The Best Anti-Inflammatory Spices to Add to Your Daily Meals
50. Long Pepper (Pippali): The Ayurvedic Fire Starter

Long pepper, or pippali, is an ancient spice with a sharp, complex heat that predates black pepper in many healing traditions. In Ayurveda, it’s revered for its deep, penetrating warmth that stimulates digestion, detoxifies the lungs, and reduces inflammation—especially in respiratory and joint conditions. Its active compound, piperlongumine, has shown promising anti-inflammatory and even anticancer potential. How to Use It: Grate or crush into spice blends, teas, or meat marinades. It’s particularly powerful when paired with turmeric and ghee, forming a potent anti-inflammatory trio.

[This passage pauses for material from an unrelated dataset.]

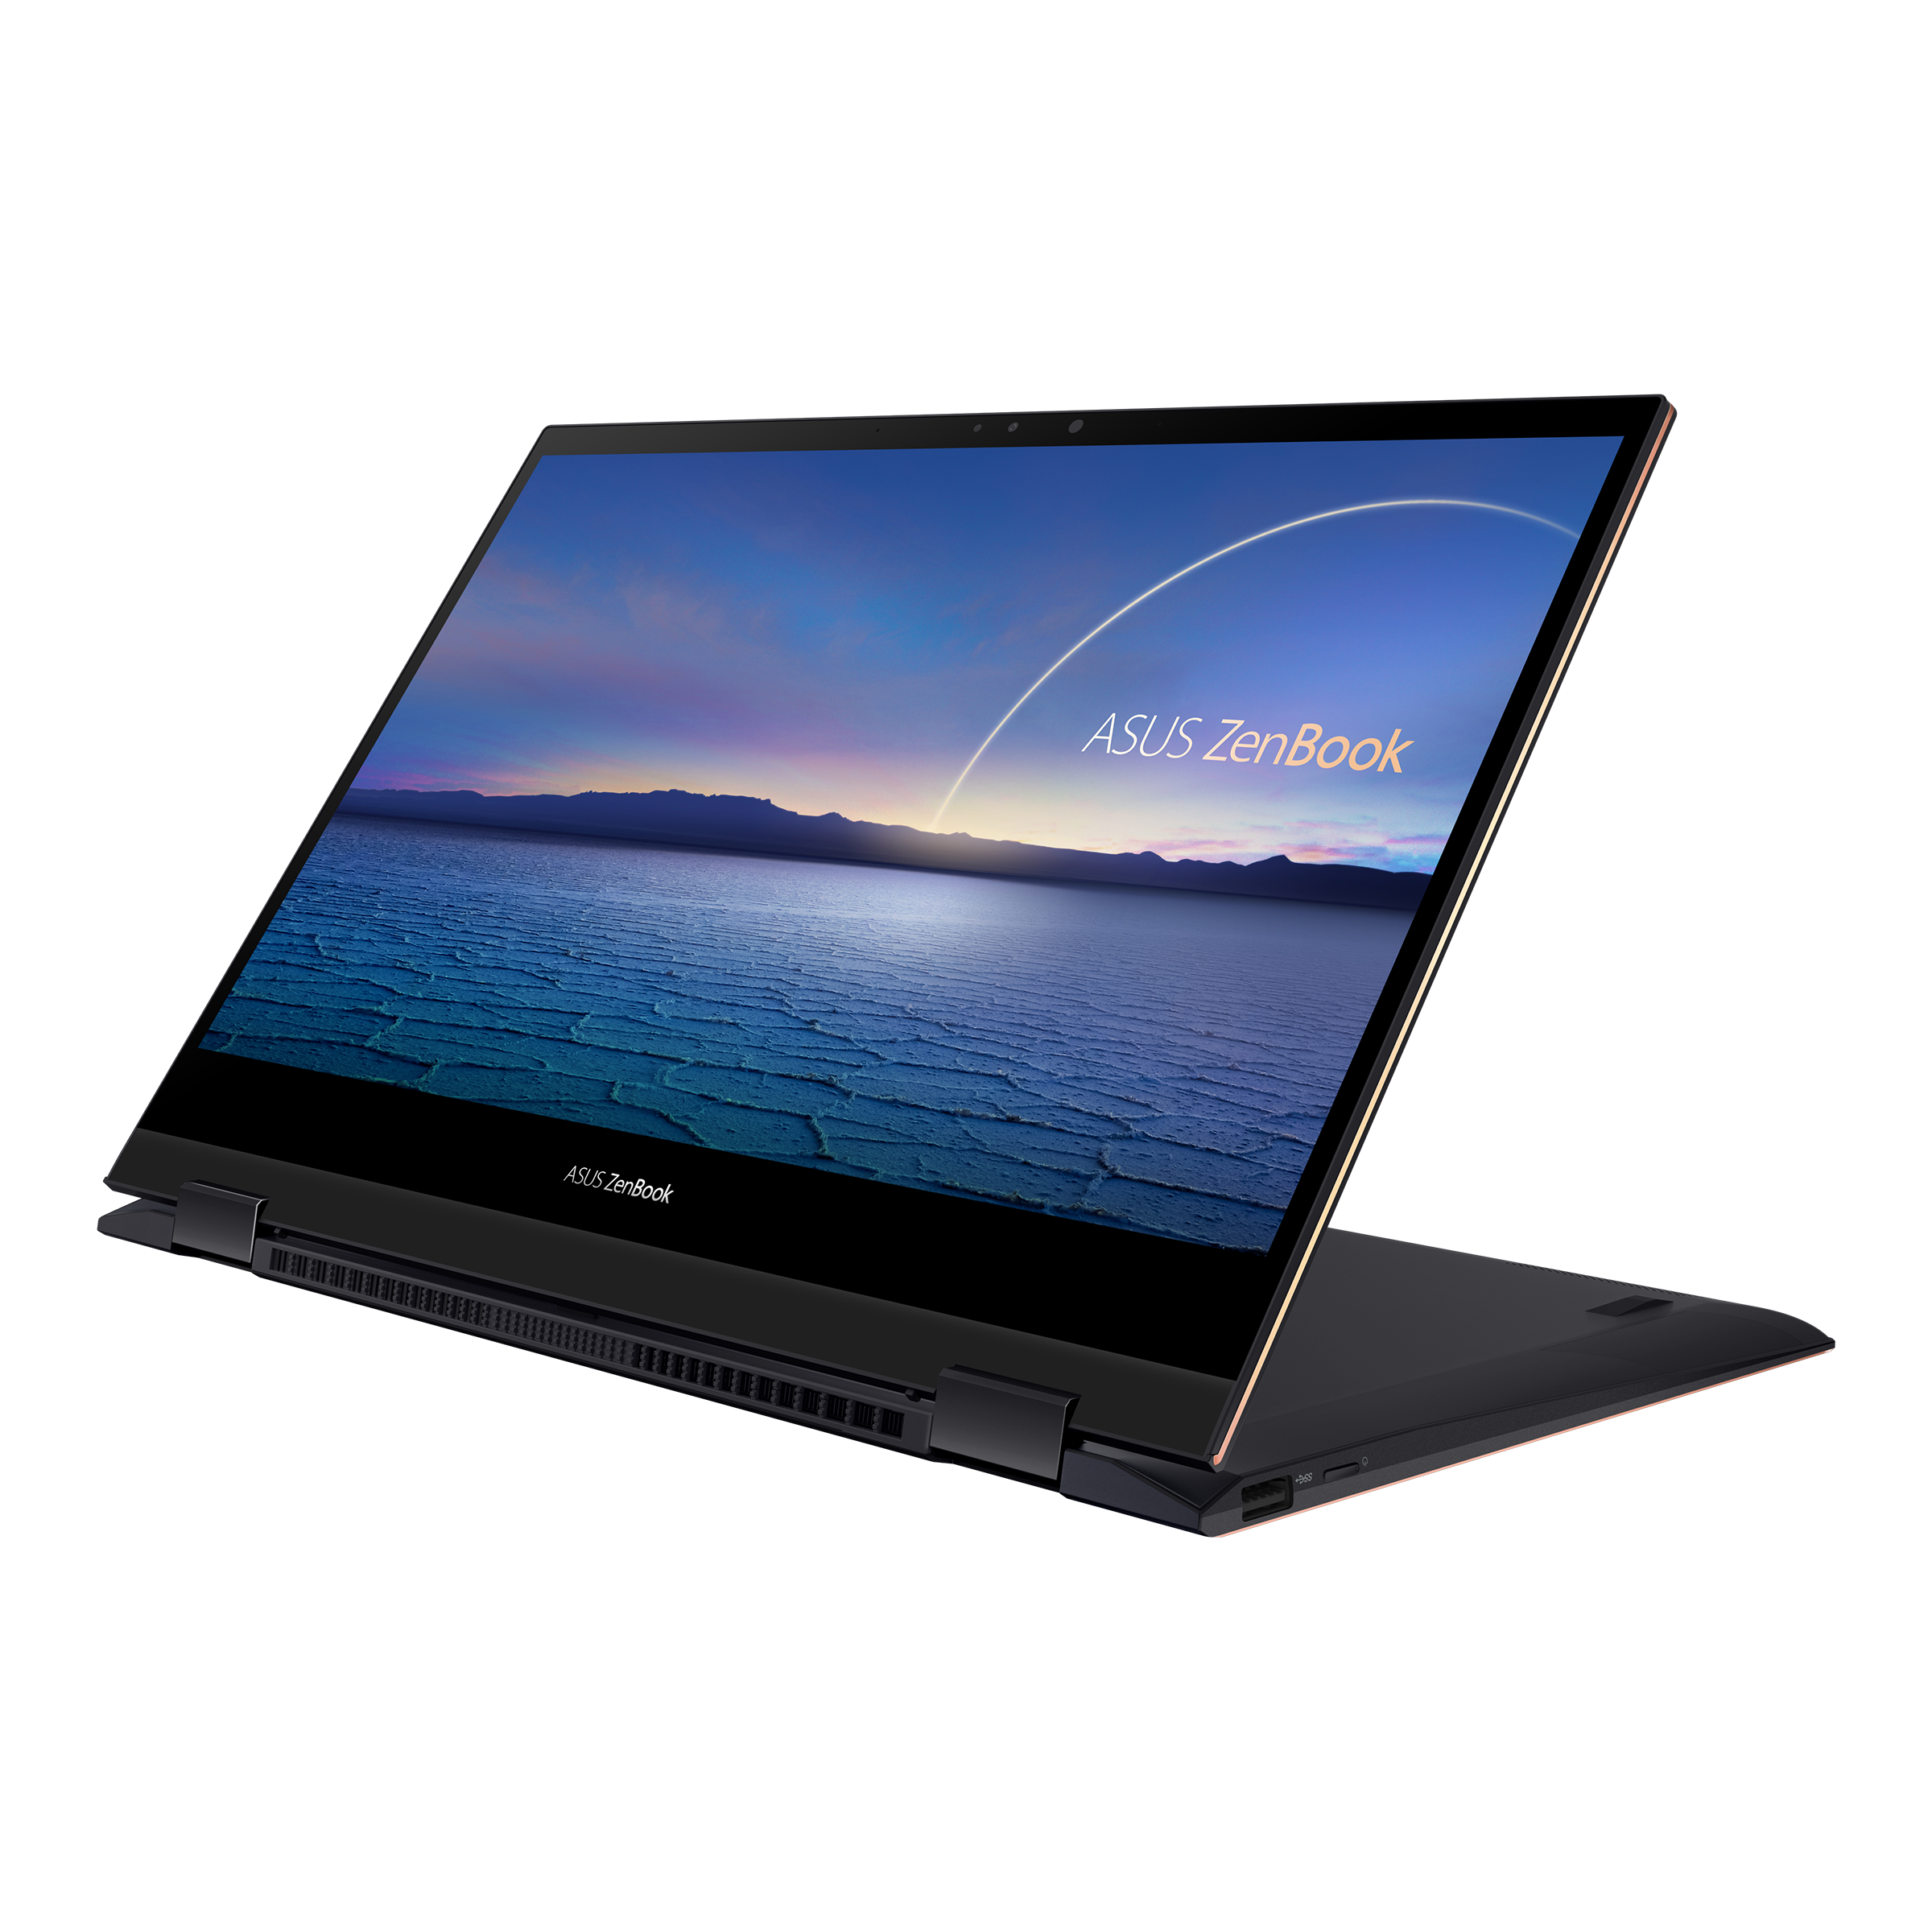 Asus Zenbook Flip S13 UX371EA-HL910WS - Laptop Tiangge

51. Black Cardamom: The Smoky System Cleanser

Unlike its green counterpart, black cardamom delivers a bold, smoky flavor and is often used in hearty savory dishes. Medicinally, it supports respiratory health, reduces phlegm, and acts as a digestive aid with anti-inflammatory effects. The camphor-like aroma comes from cineole, a compound known to ease congestion and inflammation in the lungs and throat. How to Use It: Add whole pods to slow-cooked stews, biryanis, or broth-based soups. Its warming properties make it ideal for winter dishes or when your system needs a reset.